Scientific facts are just theories that haven't been proven wrong yet.


I want journalists to try to answer the 6 W's and make an effort to represent the stated positions of all parties mentioned. At least with that effort, you can have at least a chance at seeing what bias is in play. Most "journalism" fails on this metric by a wide margin.


Is any of this really any different than any other time in history, though?


yeah I was going to say. Journalism has always been hated by those in power and by proxy their followers.

Few profession I have more respect for than journalists and police.

Most of them are trying to fight evil and make society better and are hated for it.


That’s because the journalists of today that work for corporate outlets frame stories in ways that benefit power and police area agents of power, namely the business owners.


Yes, absolutely. Journalism was in a much better standing a few decades ago.


That's a function of time and technology, and our demands as consumers, not journalistic skill.

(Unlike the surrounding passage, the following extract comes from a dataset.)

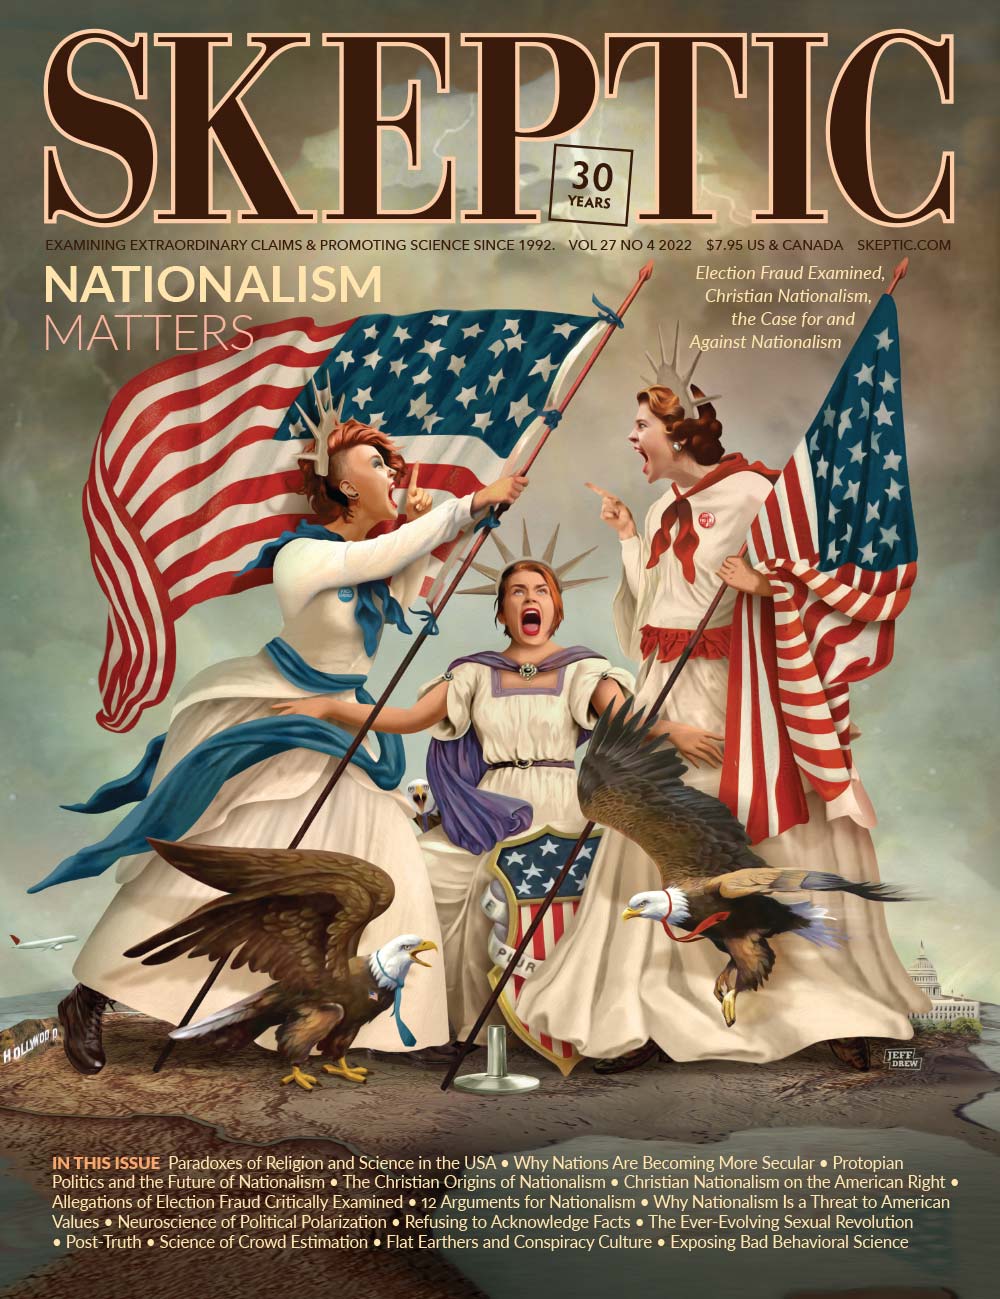 Nationalism Matters (Skeptic Magazine Vol. 27 No. 4)

If a journalist has an entire day to gather facts and write the story before it's published in the newspaper the next day, it's going to be a lot more accurate than the realtime demands of "we are hearing reports of a bomb threat in the vicinity of..."


> Journalism was in a much better standing a few decades ago

Many more people paid for journalism a few decades ago. People who only consume free media are obviously going to see more junk.


Great point, and no! Same with "truth." What is it? History is written by the victor.


And they want it for free


> People want journalists to publish quickly AND only publish what’s fully verified.

Not contradictory. People want information to be verified quickly. That's the job. The person who can do it the fastest gets the scoop. Publishing unverified stuff isn't doing the job faster, it's not doing the job. You can get away with cheating for a bit, as you can probably guess what's going to wind up getting verified most of the time, but that's all the more reason to punish cheaters when they eventually are caught.

And even then, publishing rumors and speculation are fine so long as they are clearly noted as such. It is only when unverified statements are treated as facts that there is a problem.

> They want anonymous sources named "in the spirit of truth," without grappling with the reality that doing so would instantly dry up anyone risking their job, or worse, to provide information.

You're not supposed to cite an anonymous source saying there are bodies buried; you're supposed to learn where the bodies are buried from the anonymous sources and then show the bodies as evidence. There is no need for an appeal to authority when you have proof. If a story relies on cited sources they should be named, and if no one is willing to go on the record then you shouldn't be relying on cited sources.

Also we should be pushing for strong whistleblower protections, especially reporting when whistleblowers are retaliated against.

> They expect journalists to release raw information as soon as they have it, while simultaneously acting as perfect filters

Who is asking for either raw data streams or that the news act as filters? People expect evidence (ie things that can be verified) and analysis (ie context for the evidence presented). Omitting unreliable evidence is fine, but people complain when the standard for reliable evidence changes without good reason.

> never amplifying rumors, or being wrong, even as new facts emerge.

If you publish actual facts, they will remain facts no matter what new facts emerge. Truth never contradicts truth, it only expands the story. It is perfectly fine to have incomplete facts, you better have a damn good reason if you have false facts.

> They want neutrality, except when neutrality conflicts with their priors.

No one wants neutrality, they want integrity. You can enthusiastically report that your side is right any day of the week so long as you're also willing to report when they're wrong. It's when evidence is chosen to fit the narrative rather than the narrative developed around the evidence that there's a problem.

> It's no wonder that morale among journalists is at an all-time low.

Morale should be low in an industry driven to compromise it's standards and race to the bottom, and the worst offenders are the most highly rewarded. This should be an impetus for change.